■ **Data shown**:

□ □ □ □ □

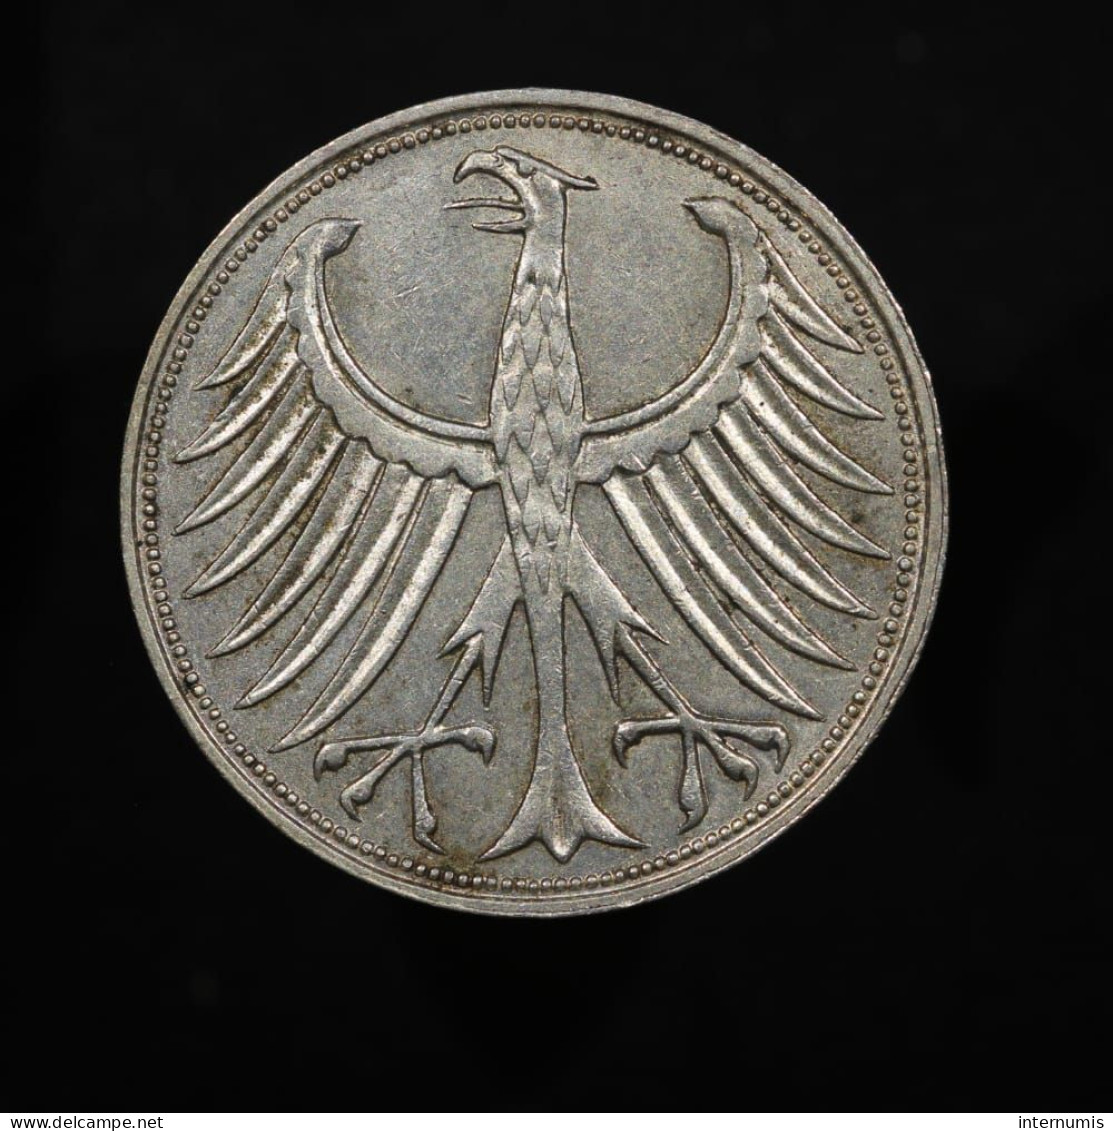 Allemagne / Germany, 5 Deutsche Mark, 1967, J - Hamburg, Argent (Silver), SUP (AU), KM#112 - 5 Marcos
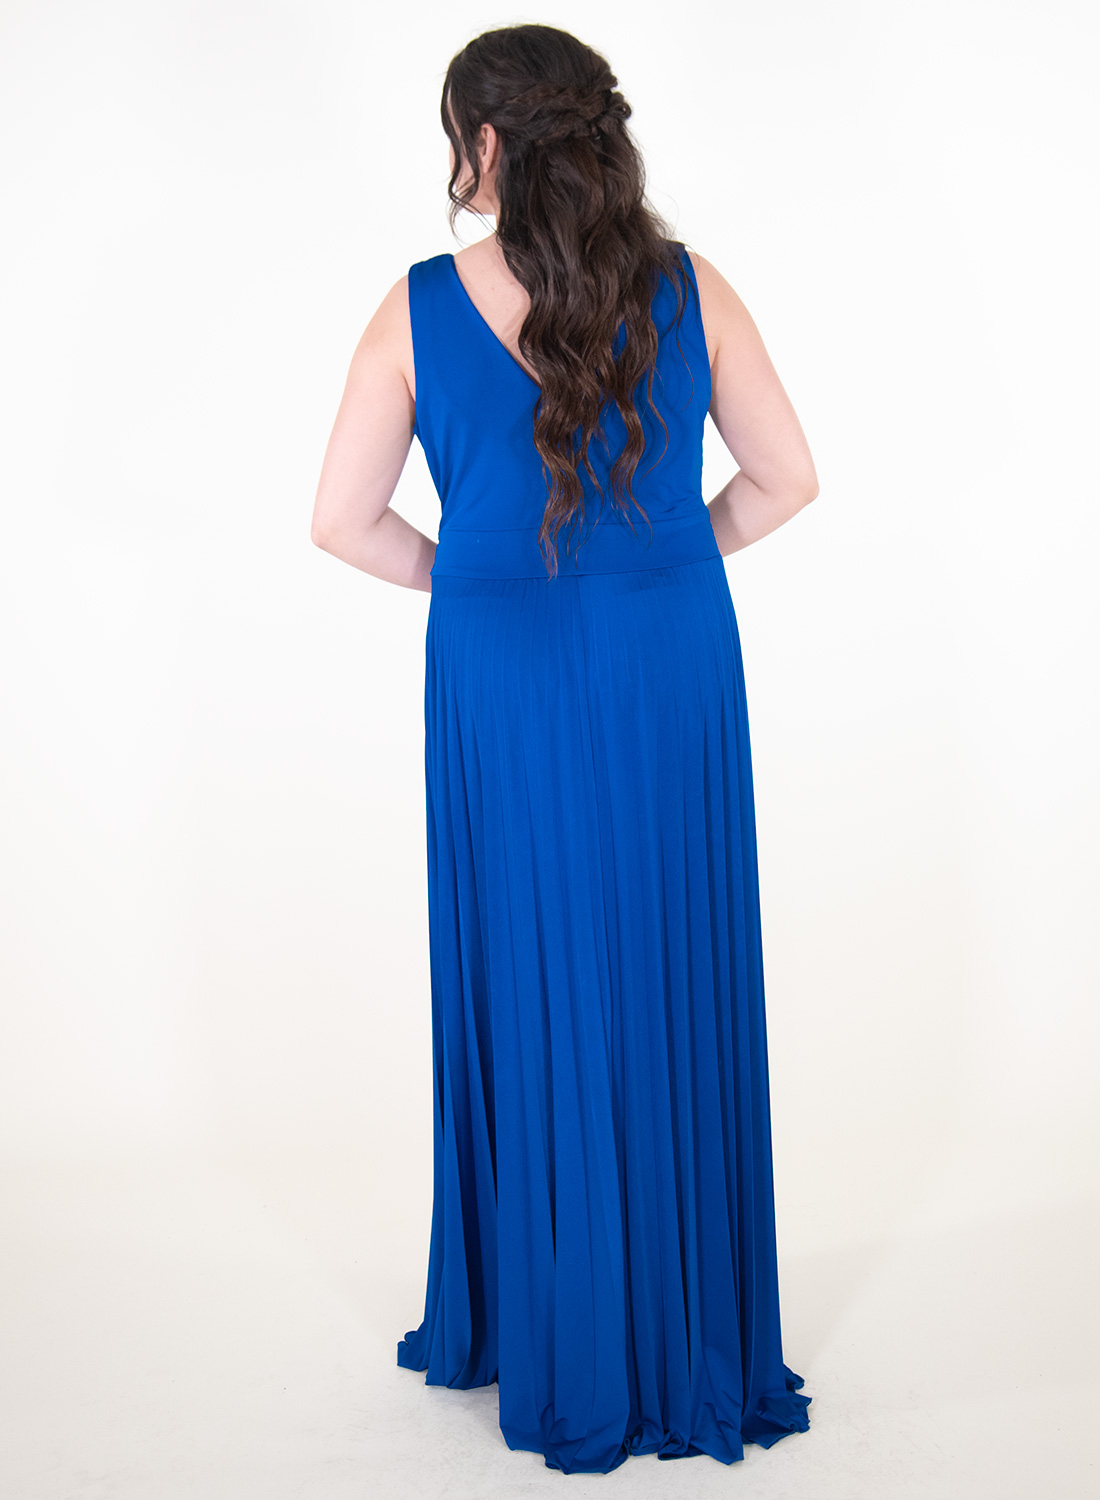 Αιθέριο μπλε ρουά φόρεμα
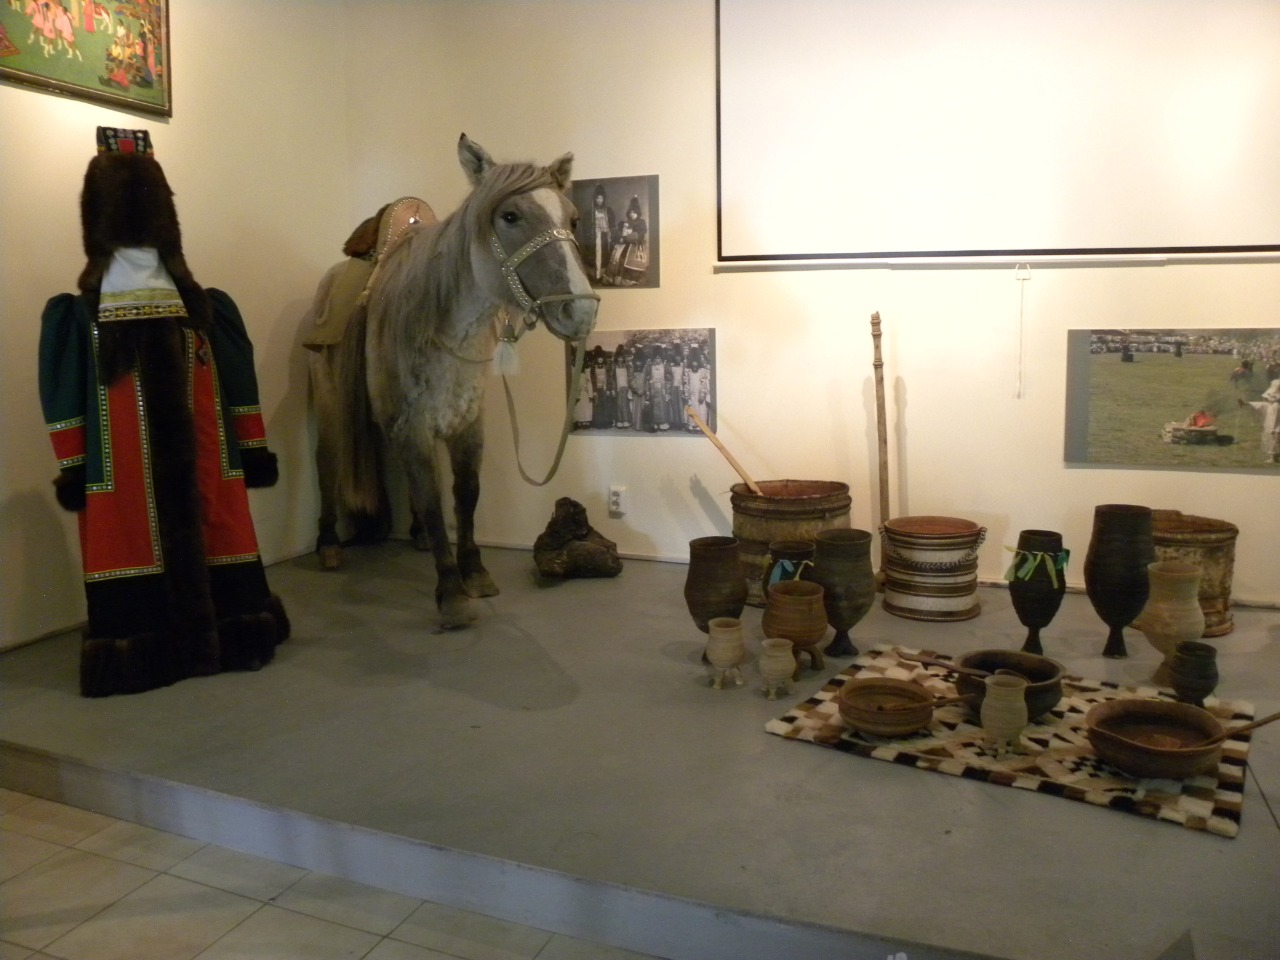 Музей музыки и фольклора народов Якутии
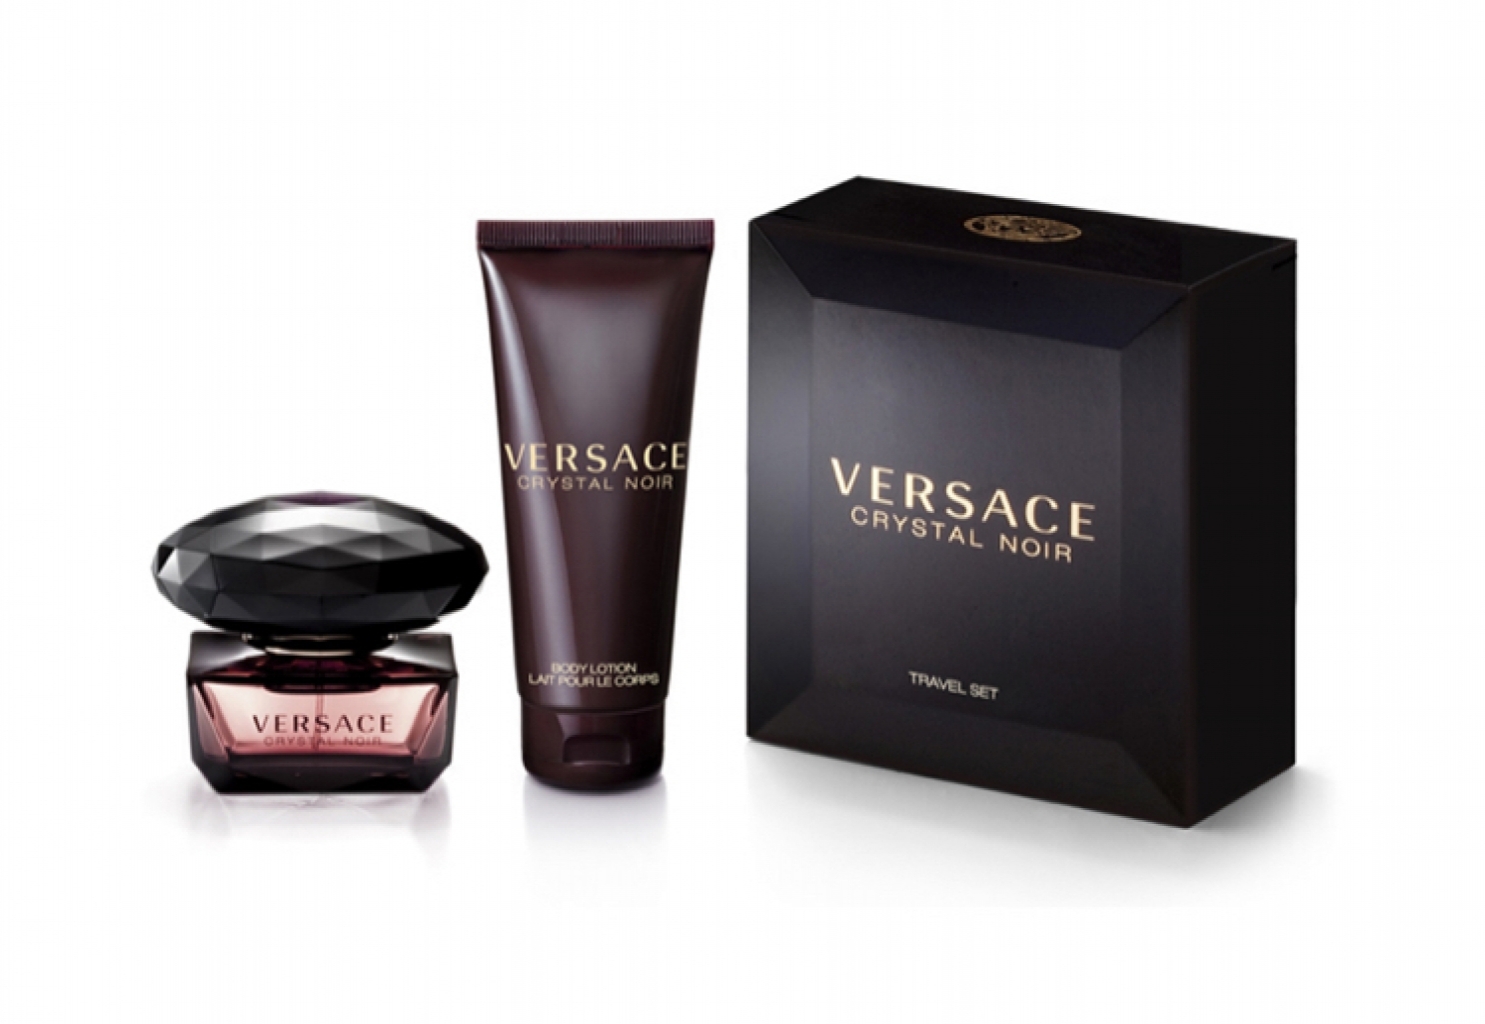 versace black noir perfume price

□ □ □ □ □

■ **Work request**: Please reproduce the data above word for word, skipping all images.

■ **Exercise response**:
 Allemagne / Germany, 5 Deutsche Mark, 1967, J - Hamburg, Argent (Silver), SUP (AU), KM#112 - 5 Marcos
 Αιθέριο μπλε ρουά φόρεμα
 Музей музыки и фольклора народов Якутии
 versace black noir perfume price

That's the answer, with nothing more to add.